The issue before the Court in considering the South Dakota statute to take life must be subject to strict scrutiny, in which the burden is on the state to prove that the statute is based on a compelling interest and is narrowly tailored. As in all matters of the Court, we must turn to the foundation of our jurisprudence–the Constitution. The 14th Amendment addresses the issue clearly stating, “...nor shall any State deprive any person of life, liberty, or property, without due process of law.” It is the opinion of this Court that the explicit guarantee of “life” in the 14th Amendment is reason enough to uphold any practice that seeks to protect it. However, the Court will seek to exhaust the concerns of critics of the South Dakota statutes in order to test the constitutionality of their concerns and the Court’s ruling.

There are those who doubt that the unborn children were to be protected according to the wishes of the Framers. The answer to their concerns is found within the Constitution’s Preamble. There, the Framers state that it was their desire to “secure the Blessings of Liberty to [themselves] and [their] Posterity.” The Constitution was not meant to merely protect the living but all future generations.

The most important response to critics of the South Dakotan statute is that they lack firm constitutional evidence to support a right to abortion. In no place within the text of the document is there any explicit or implicit protection of such a right; rather, the opposite is found–a protection of life. The only support for abortion that critics can provide is based on the guarantee of liberty extending a “right to privacy” to a woman to terminate the life within her womb. However, this approach is problematic in many ways. It infringes on a specifically guaranteed right of life found directly before liberty in the Due Process Clause, and the Constitution does not explicitly mention any right to an abortion. Therefore, we believe that the claims of Planned Parenthood of South Dakota have no firm constitutional support.

Instead, we as members of this Court can find nothing within the South Dakota statute that would violate the Constitution of our United States. On the contrary, this legislation seeks to galvanize and provide support for the constitutional guarantee of life. Rather than undermining rights given by our sacred document, this statute provides additional support to life, assuring its protection and the Constitution’s guarantee. We not only find this law to be within the protection of the Constitution, and indeed, we find it to offer protection to the Constitution itself. The state met the strict scrutiny and has showed compelling interest in enacting this narrowly tailored statute. For these and the aforementioned reasons, we uphold the South Dakotan statute banning abortion save to protect the mother’s life and reverse the ruling of the 8th Circuit Court of Appeals.


  1. Thank you for posting this."Certain unalienable rights" cannot be denied.
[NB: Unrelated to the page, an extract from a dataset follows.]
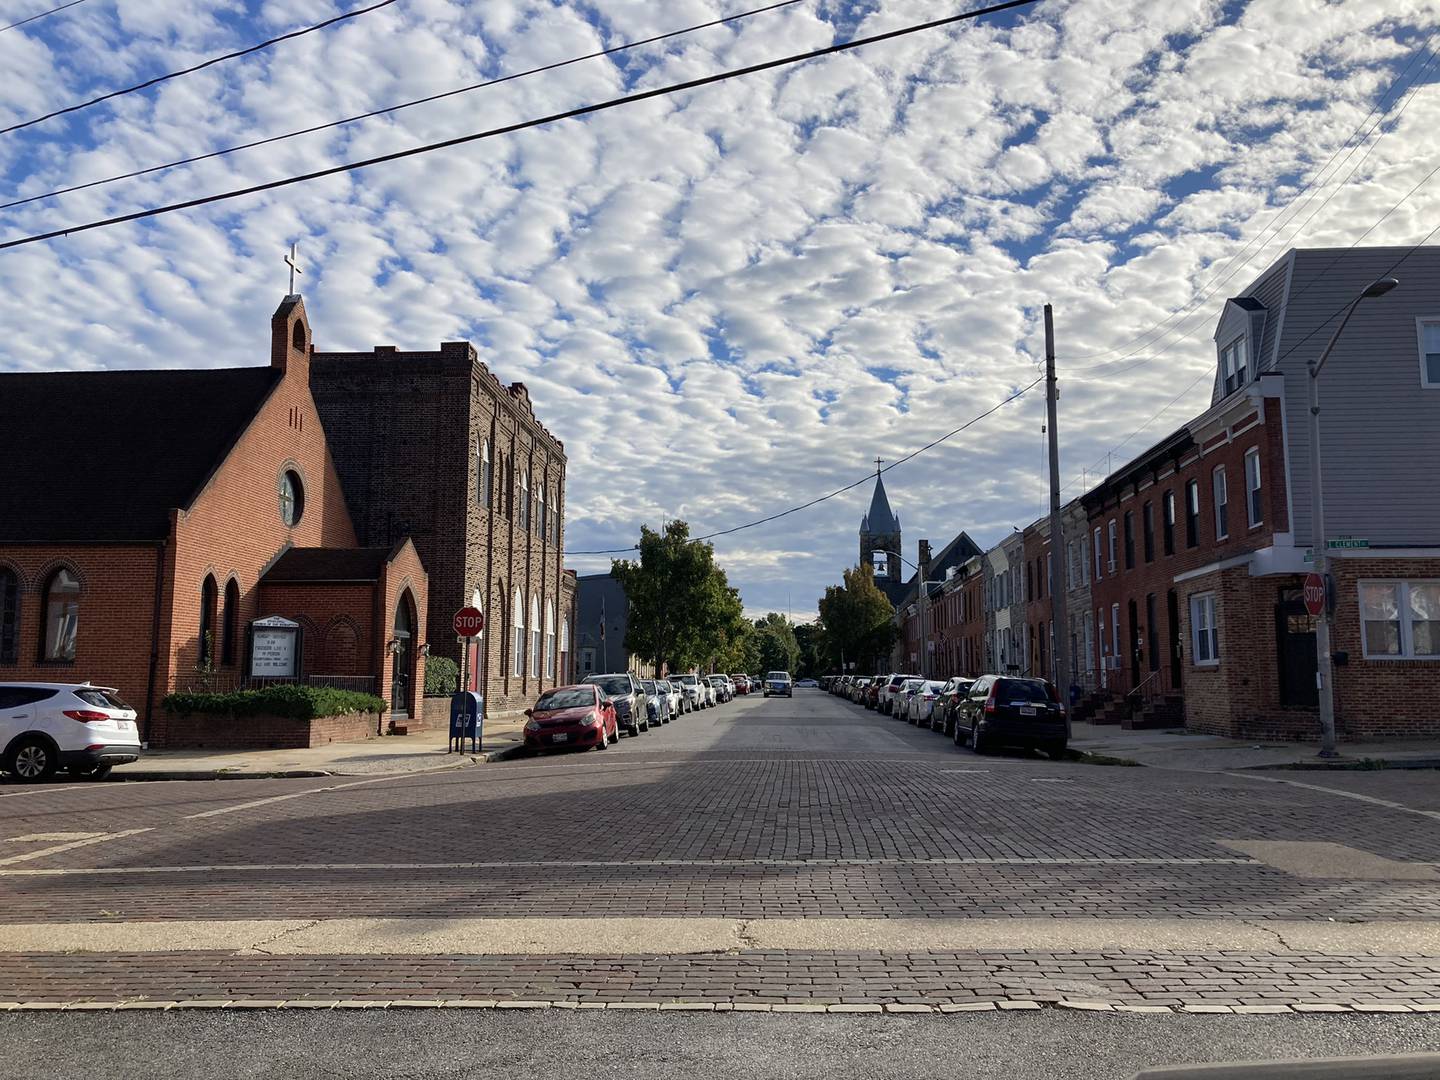 The view looking up Towson Street toward Our Lady of Counsel Catholic Church (right) in Locust Point.
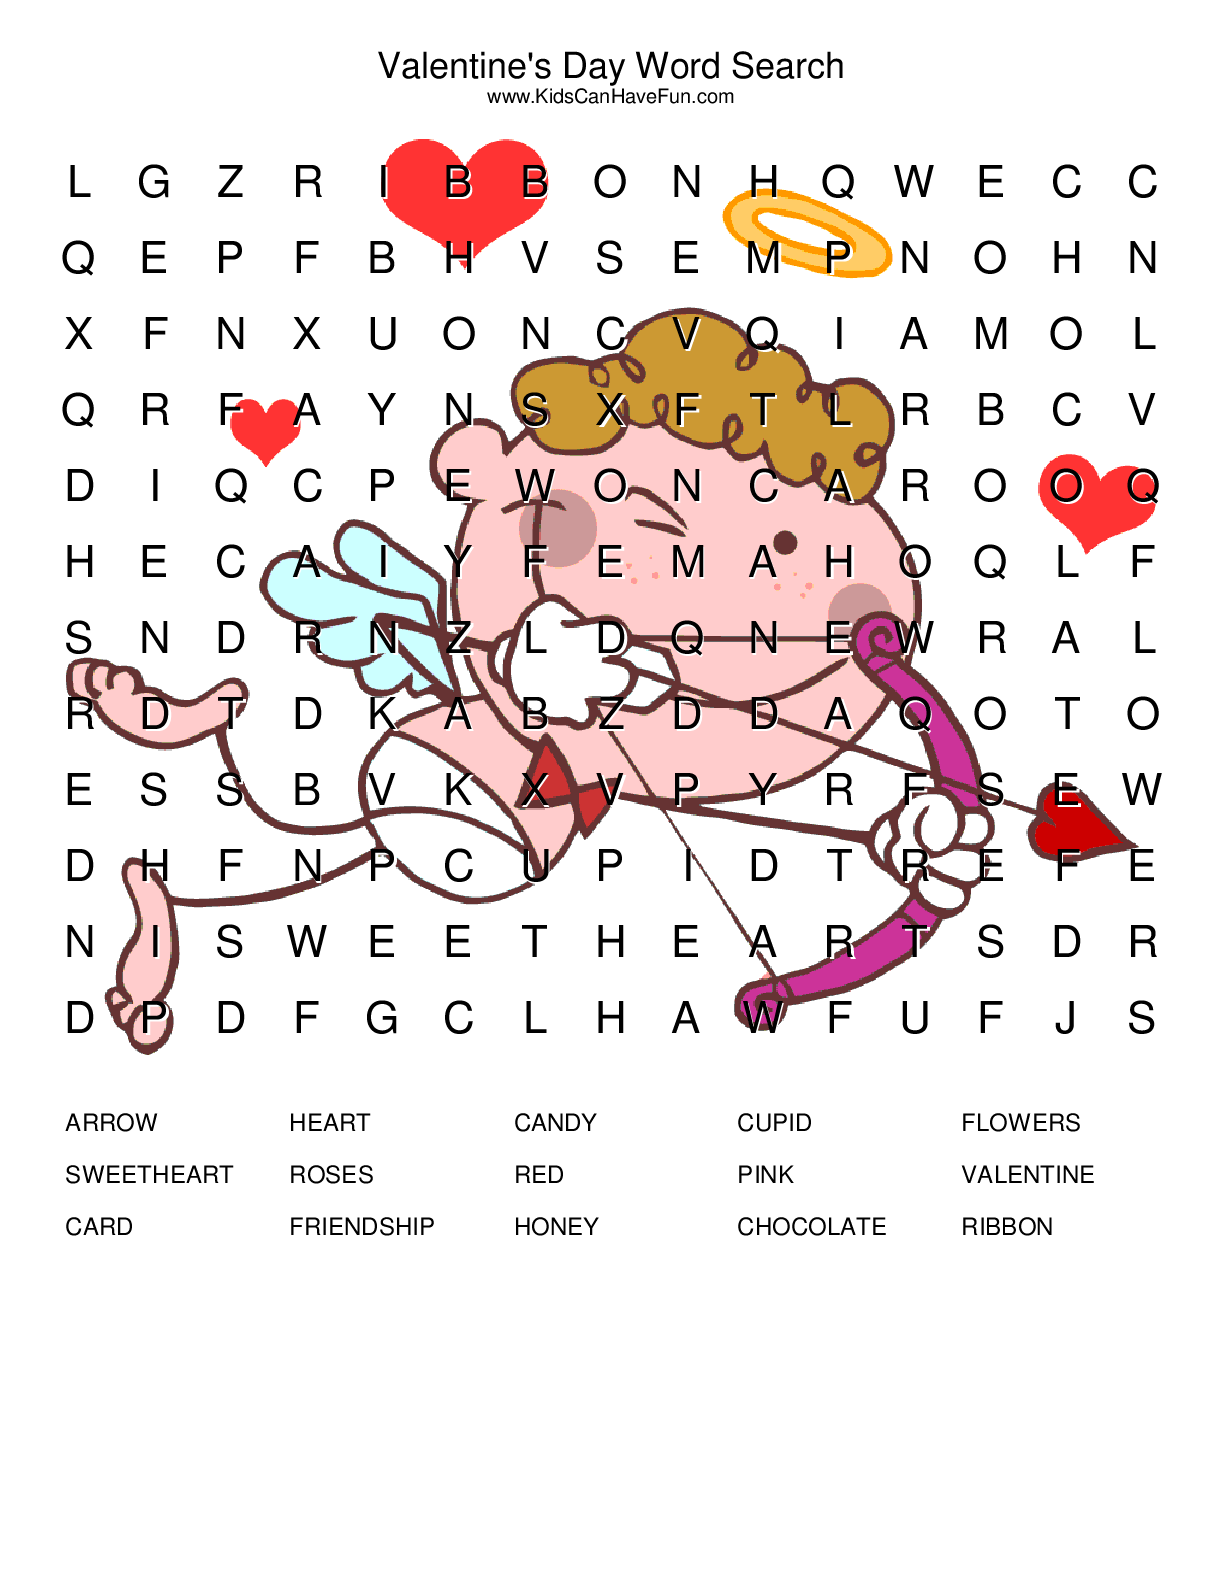 List Valentine's Day Words For Word Search, Cross Word, Word Jumble Game Maker1224 x 1584

  2. No state or territory has removed the distinction made in its criminal homicide laws between "those who are alive and have been born" and "those who are alive and have NOT been born."
    Blackmun made this point in Roe, at n. 49 in the text and in fn. 54.
    No state or territory has so far been willing to penalize the chief murderer, the aborting mother, who actively seeks out a "hit man" (or "hit woman") to do the dirty deed for her.
    None will even treat a serial murderer (abortionist) as a murderer.
    By this, as Blackmun pointed out, the state fails to recognize the humanity of the unborn child. The unborn child is "human" (meaning human tissue) but not A human (being or person).
    Black slaves were recognized as human beings, though of a lower order ("untermenschen"), and their lives were protected from murder, at least in the books.
    The Nazis legalized the massacre of "untermenschen," mostly Jews, Slavs and Asians. Black people escaped their notice as there were few if any in Germany.
    The USA has classed "those who are alive and have not been born" as "untermenschen" as though human beings, of a lower order whose rights, if any, the born are not bound to respect.